WORK TO COMPLETE. With the pictures removed, the data below must be transcribed in full and exactly.

DATASET EXTRACT.
######

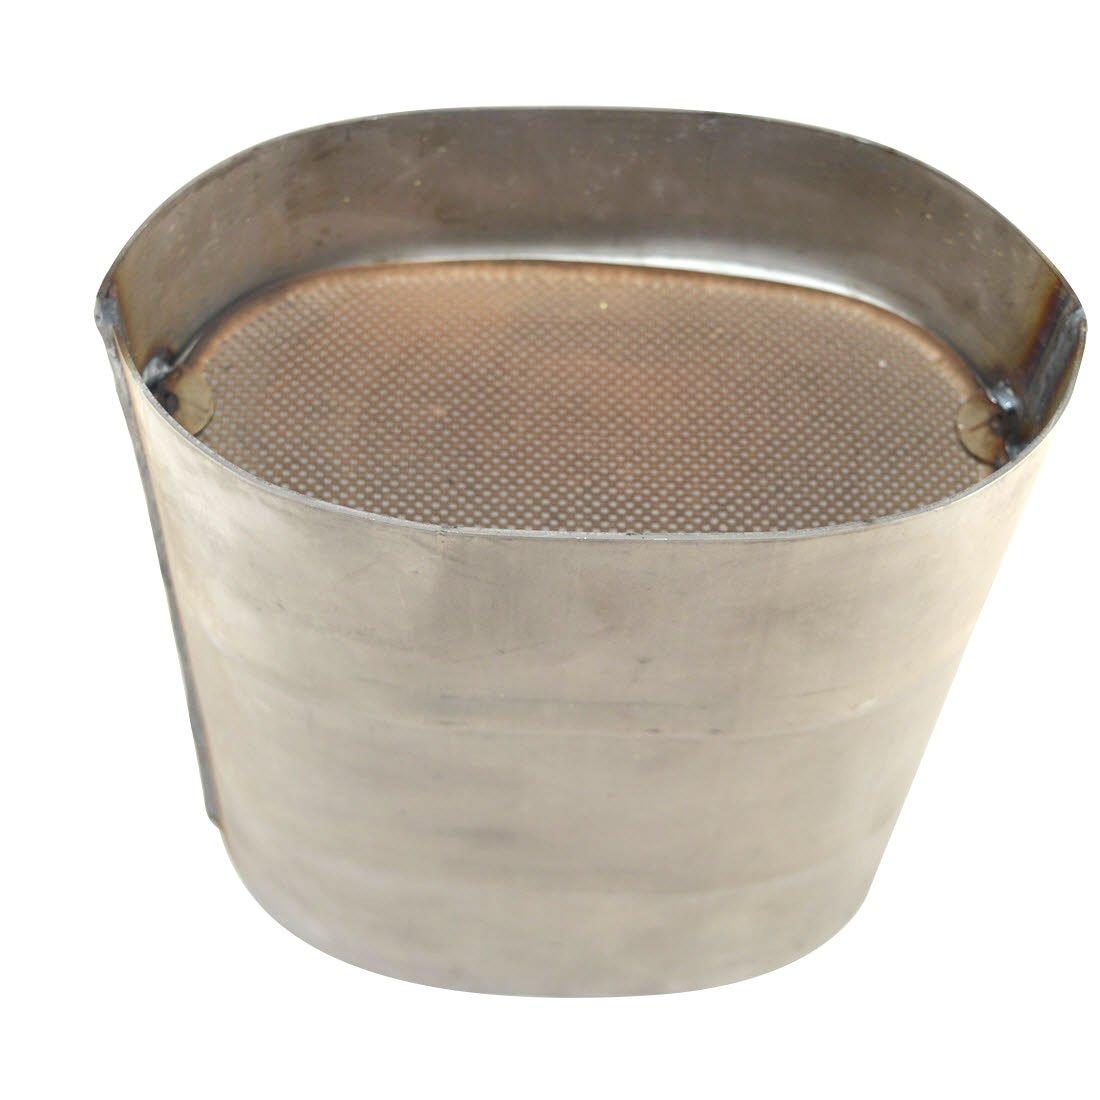 VAG 1.6TDI Weld in dpf filter
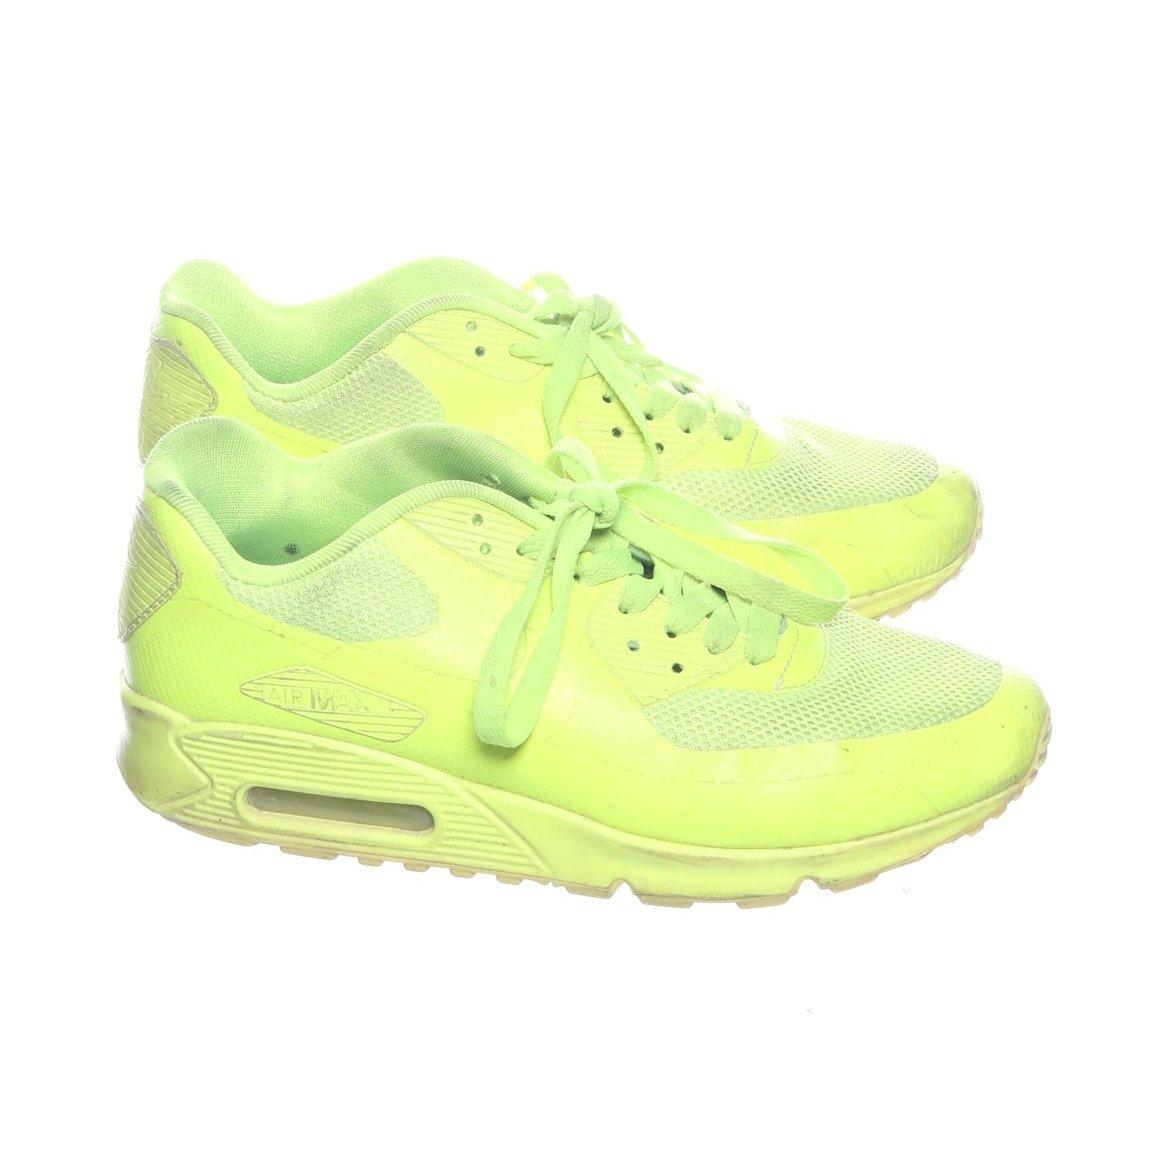 low priced 2a7f7 7dd2d Nike, Sneakers, Strl  40, Air Max 90 Hyperfuse Volt, Grön
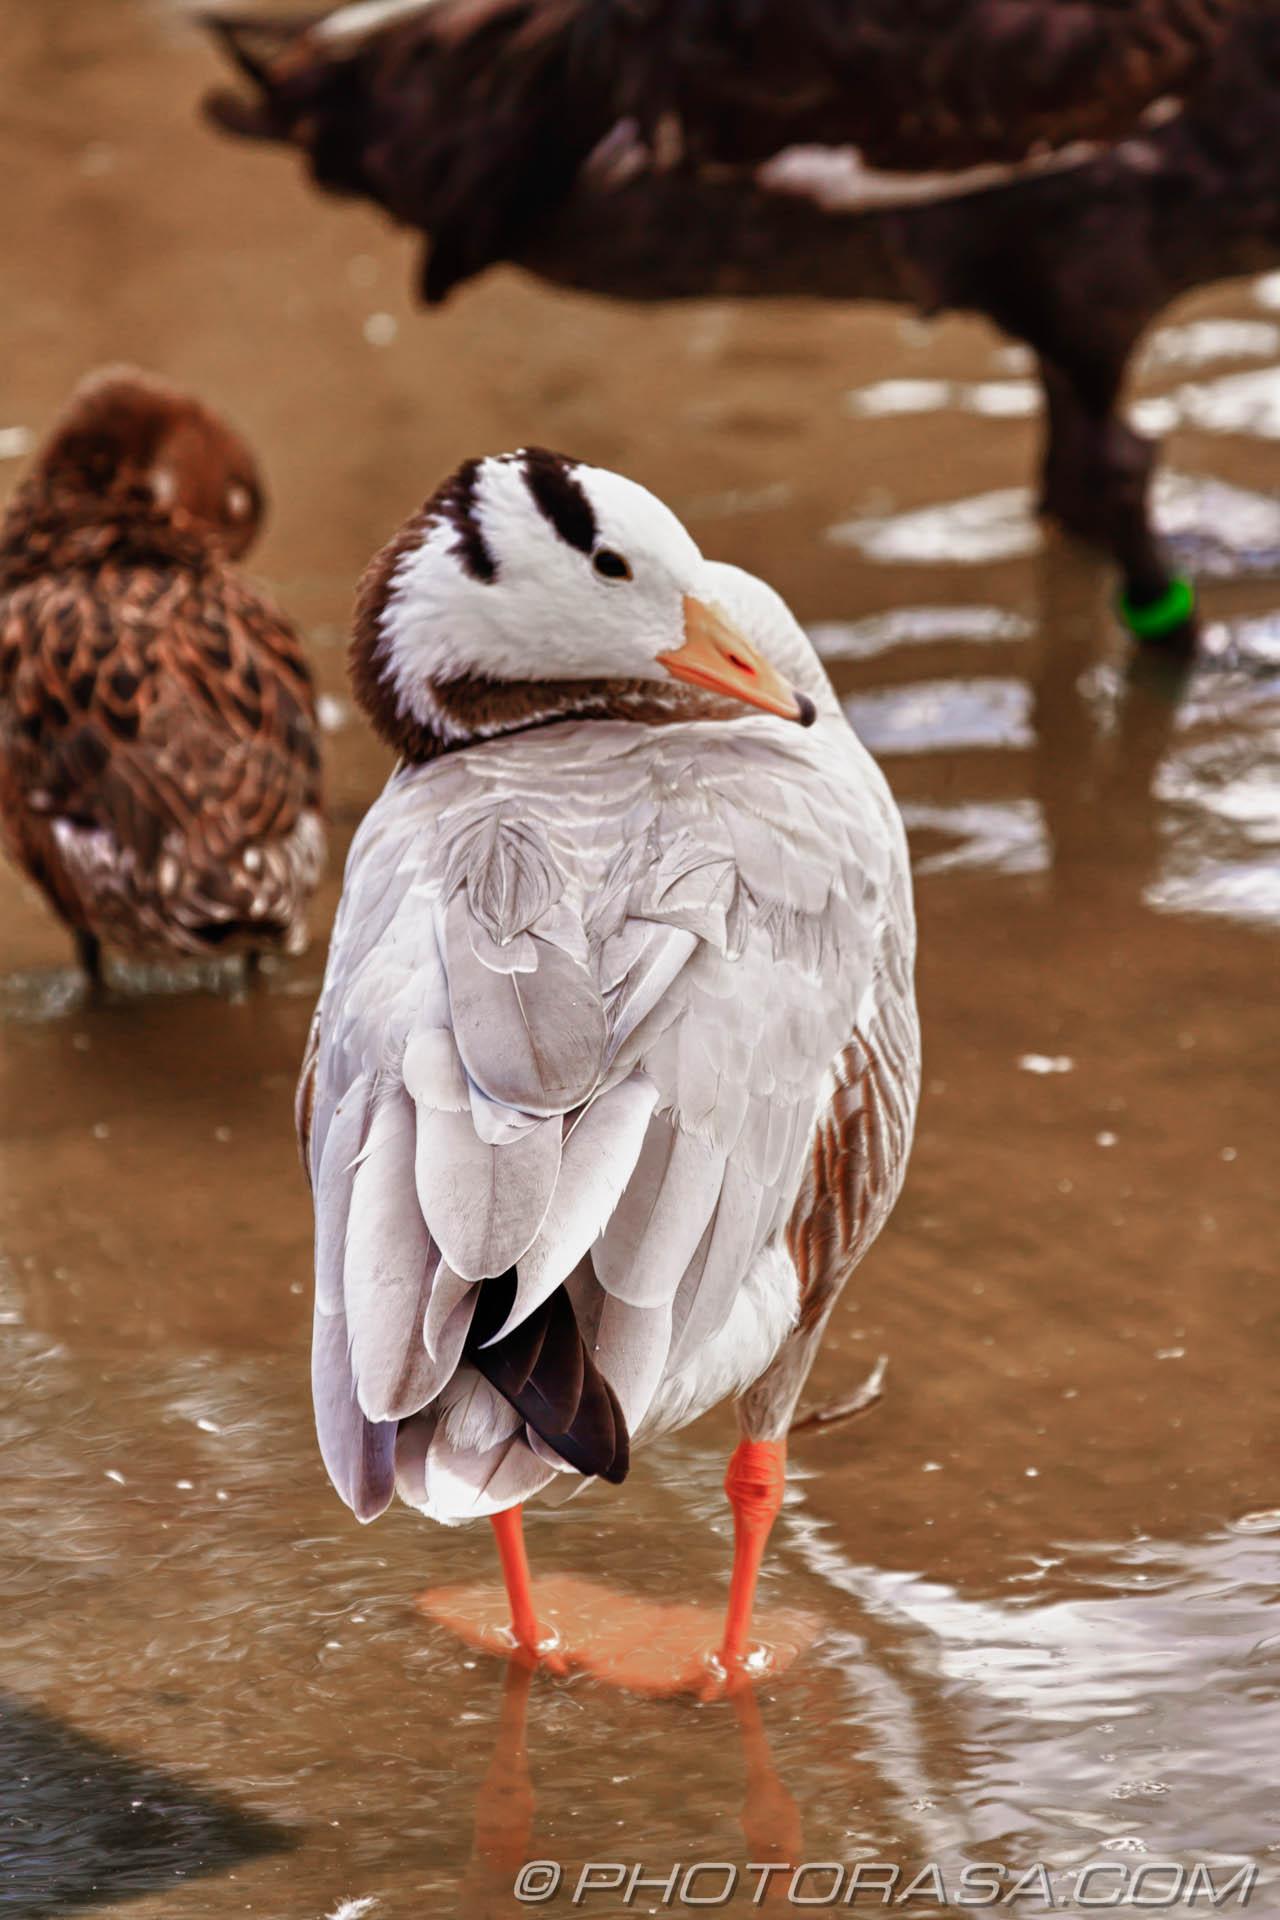 https://photorasa.com/birds-greenworld/boa-headed-goose/

######

EXERCISE SOLUTION.
 VAG 1.6TDI Weld in dpf filter
 low priced 2a7f7 7dd2d Nike, Sneakers, Strl  40, Air Max 90 Hyperfuse Volt, Grön
 https://photorasa.com/birds-greenworld/boa-headed-goose/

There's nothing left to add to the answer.